E soprattutto costruendo ed esaltando un sistema di difesa in base allo slogan “Per
un’America ridiventata grande”, sintetizzato alla vigilia del voto con una “confessione”:
“Io sono un nazionalista”. Dimostrandolo per l’ultima volta con la decisione di
mandare soldati e carri armati Usa in Messico per bloccare le “carovane” di
immigranti dai Paesi più poveri dell’America Centrale. Trump probabilmente prevedeva
che una parte degli americani disapprovasse questa svolta che definiscono “reazionaria”.

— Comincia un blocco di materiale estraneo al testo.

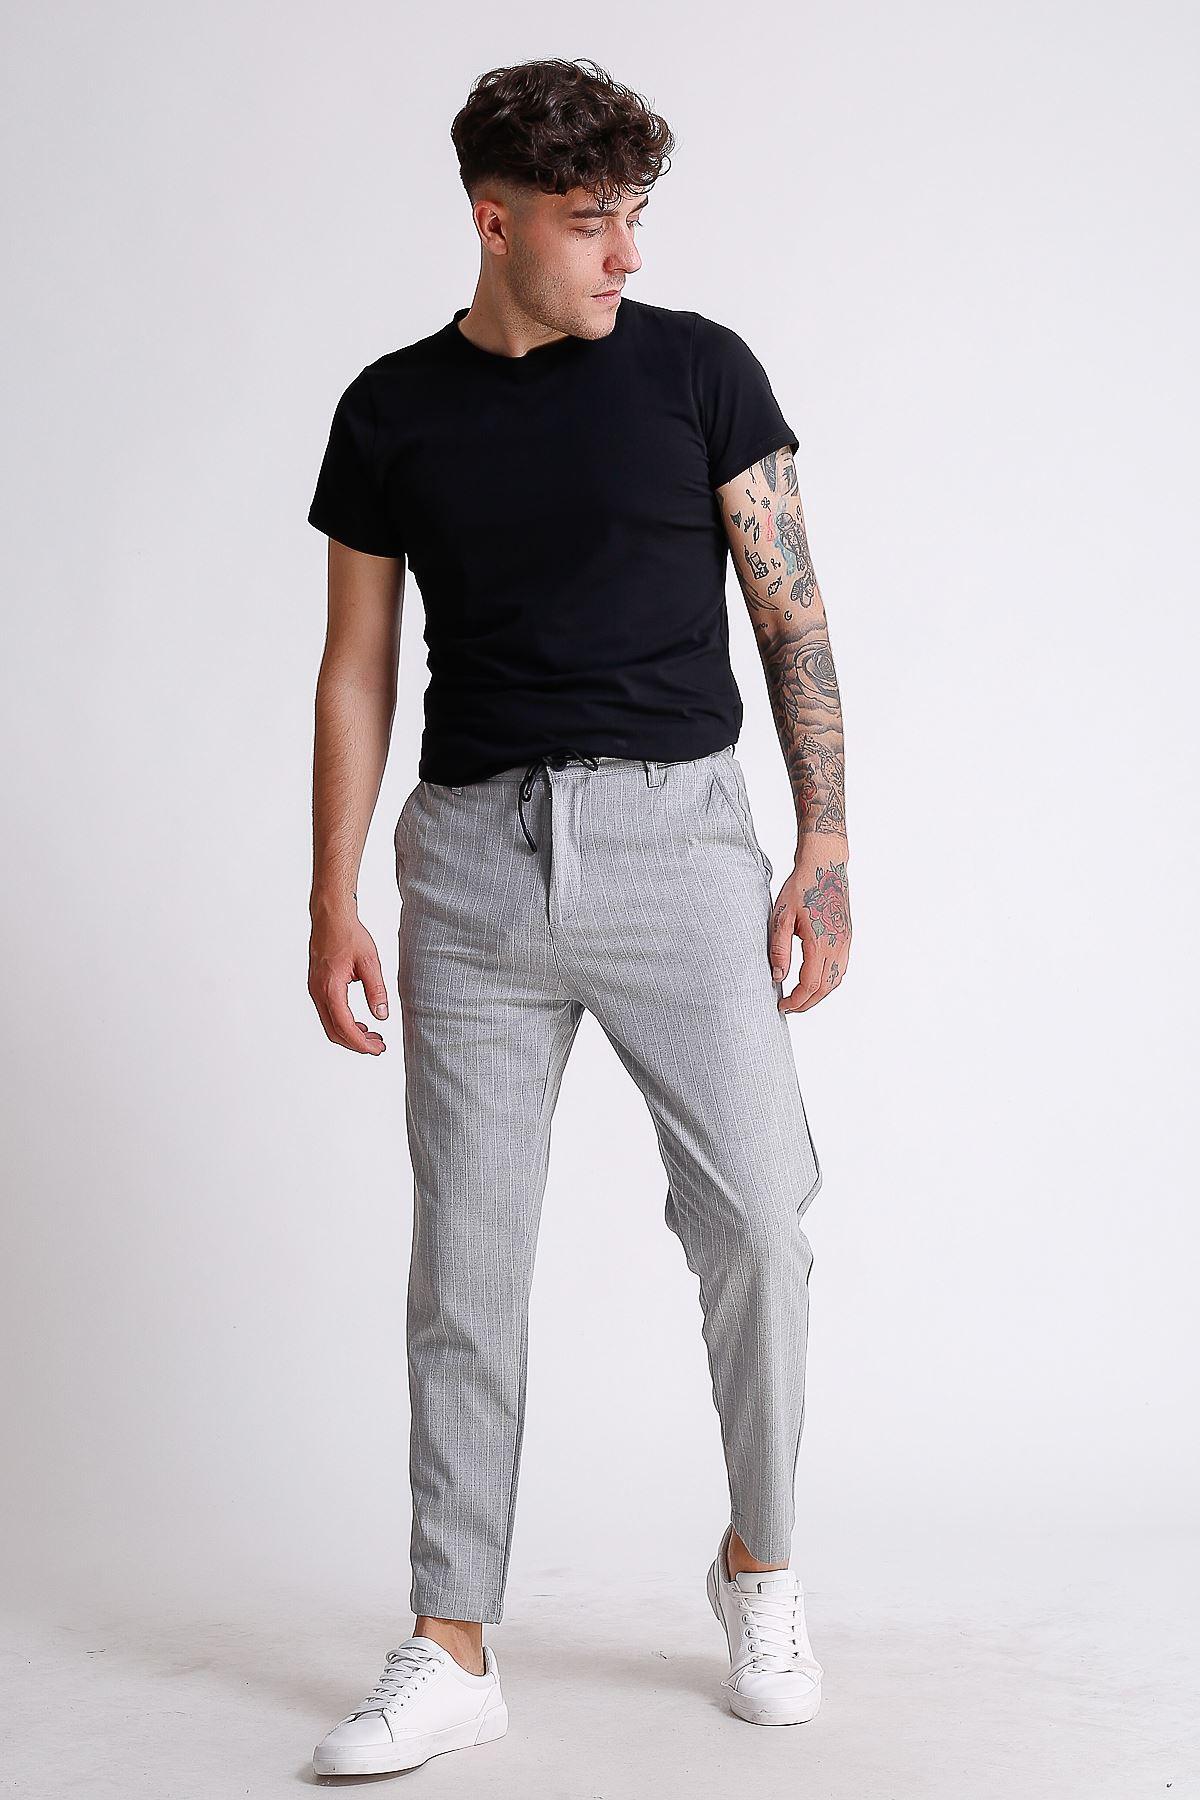 Erkek Beli Lastikli İpli Çizgili Gri Jogger Pantolon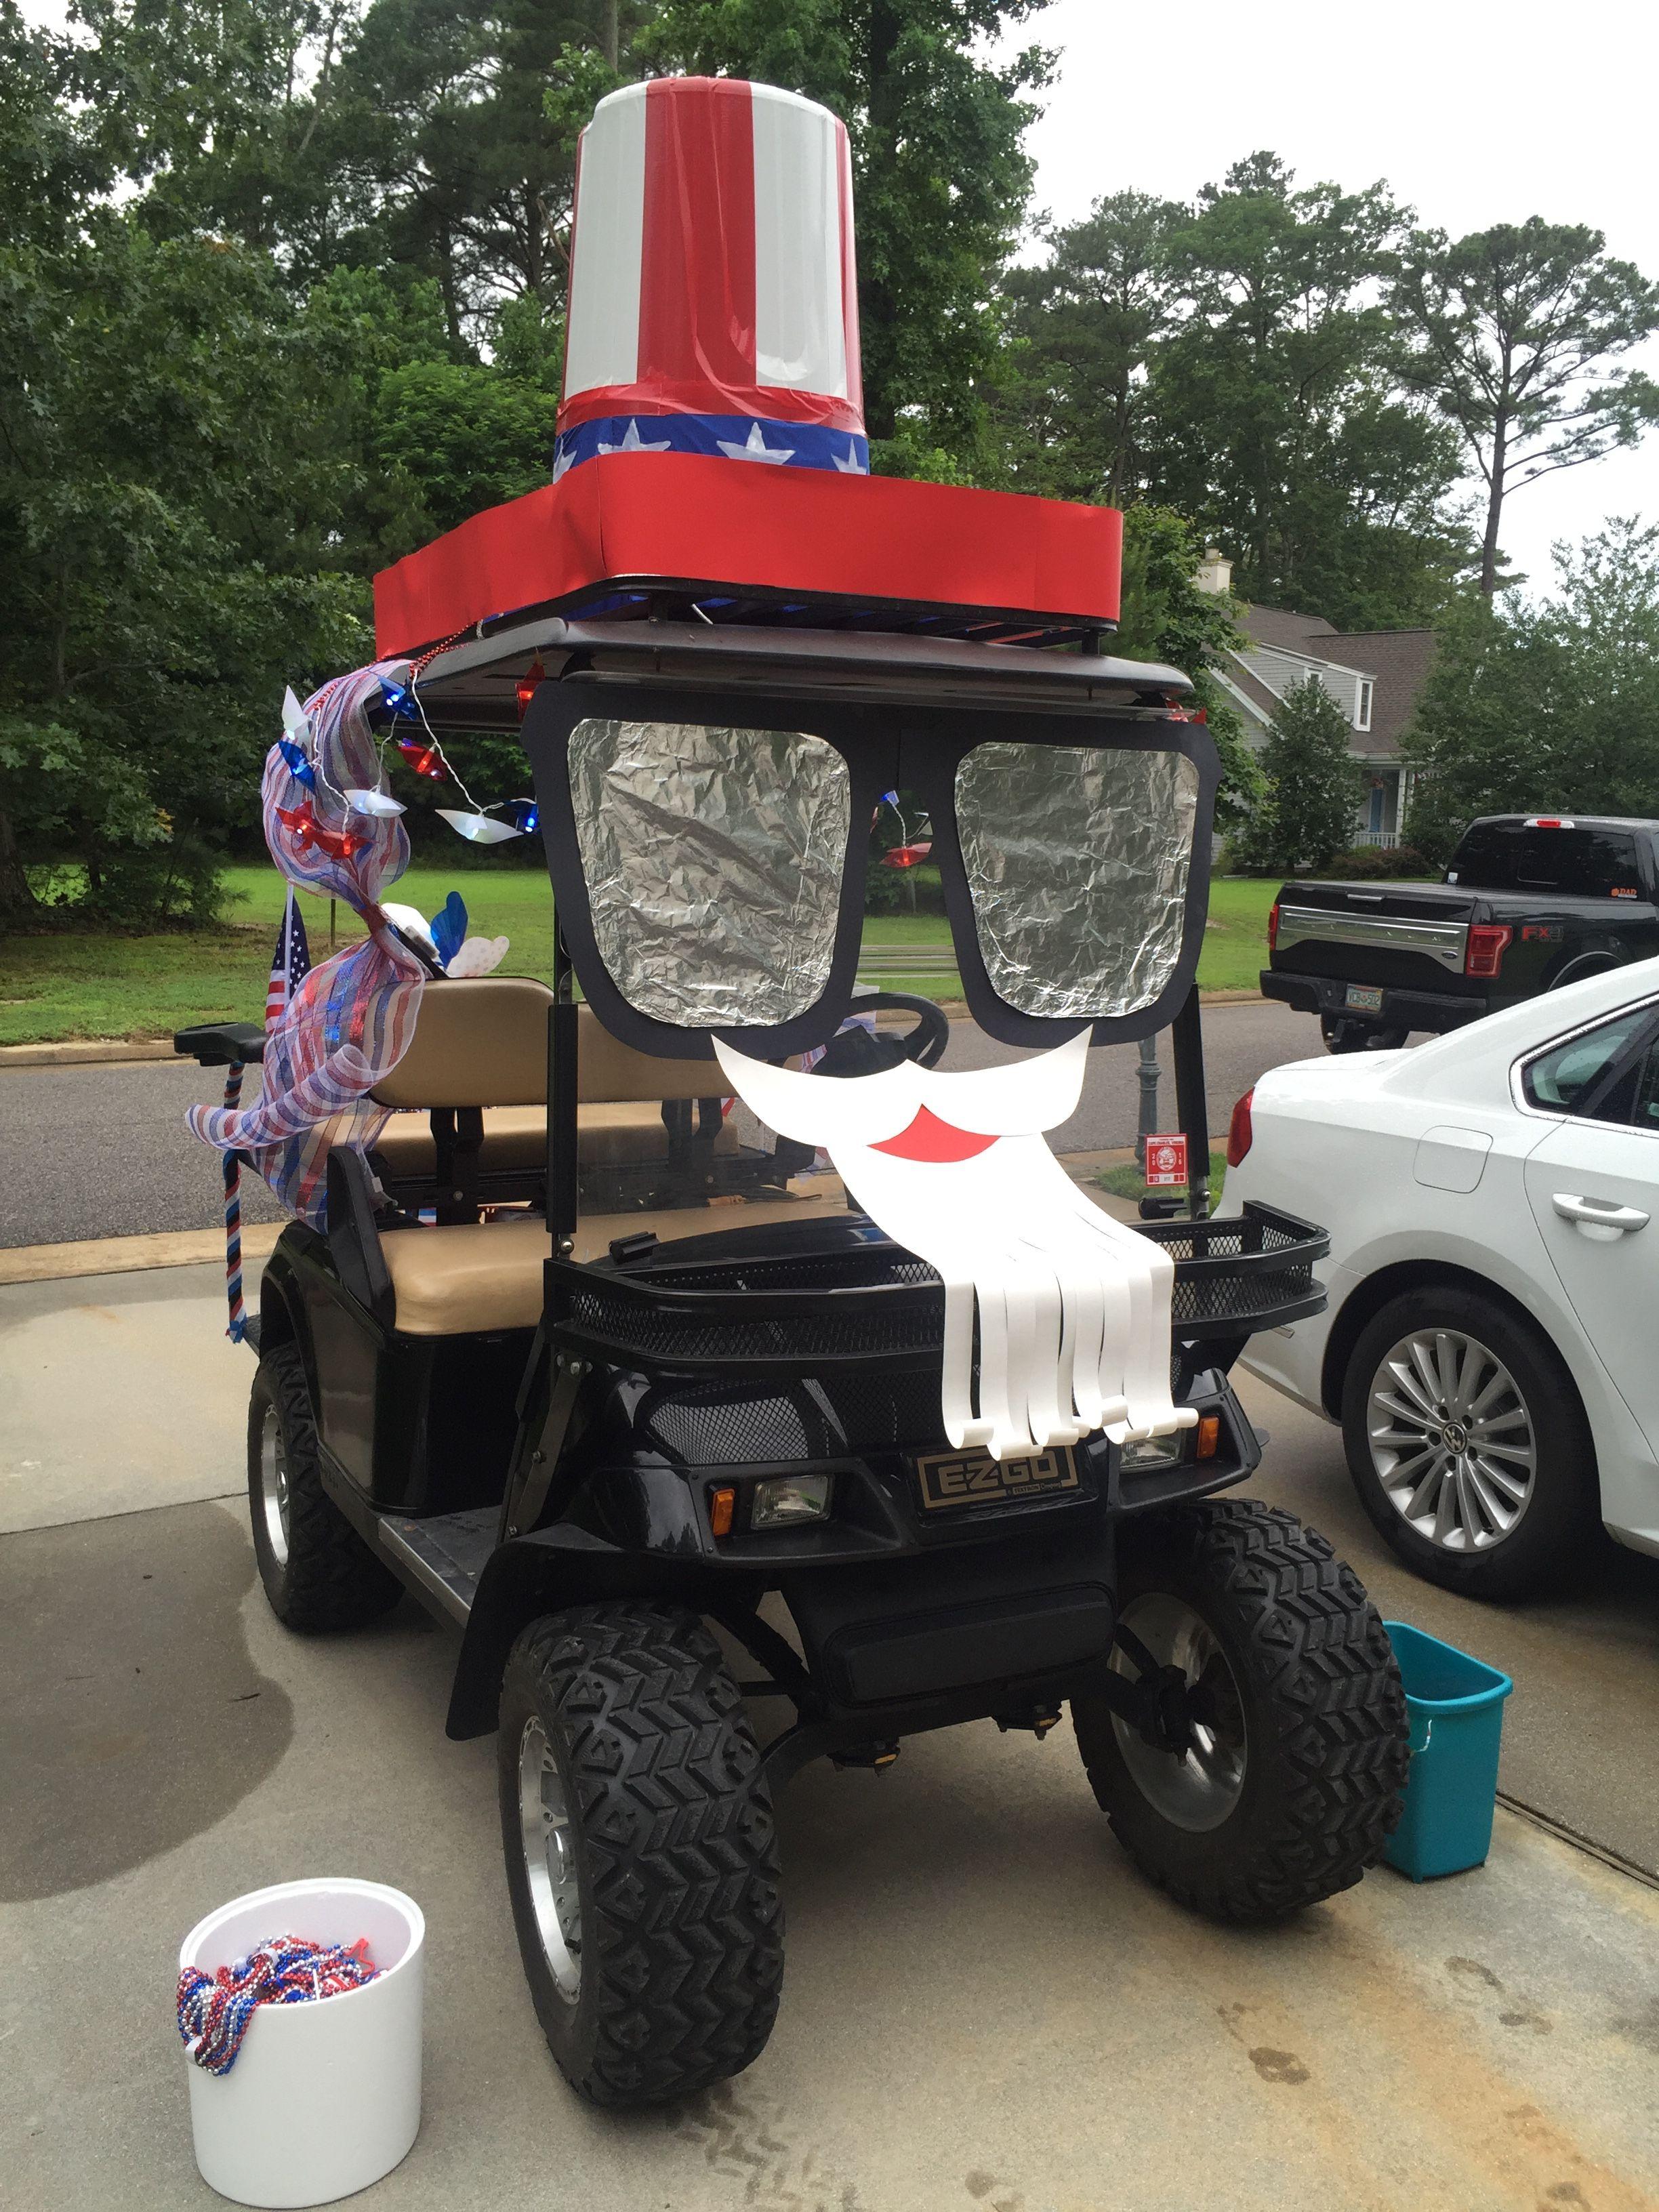 Uncle Sam golf cart decorating parade forth of July hat sunglasses beard 4206ad4e90b

Ma ha fatto bene i suoi conti perché gli avversari, cioè il Partito democratico,
avevano qualcosa da contestare, qualcosa da chiedere ma ben poco da offrire. E così
i due partiti si sono suddivisi, al momento di tornare alle urne due anni dopo,
gli umori e le strategie: si sono limitati a cercare di ristabilire l’equilibrio
con offerte interessanti ma troppo modeste oppure non abbastanza attuali. La Casa
Bianca ha aiutato i repubblicani a confermare la propria maggioranza in Senato (e
questo è un trionfo) mentre i democratici hanno riconquistato quella alla
Camera (e questo è un pareggio in meglio). Sommati, i due esiti producono la
terza soluzione: il recupero. Sarà molto più difficile per la Casa Bianca
ripetere un Blitz come quello del primo biennio. Ma soprattutto il mantenimento
del Senato dovrebbe garantire Trump contro un impeachment.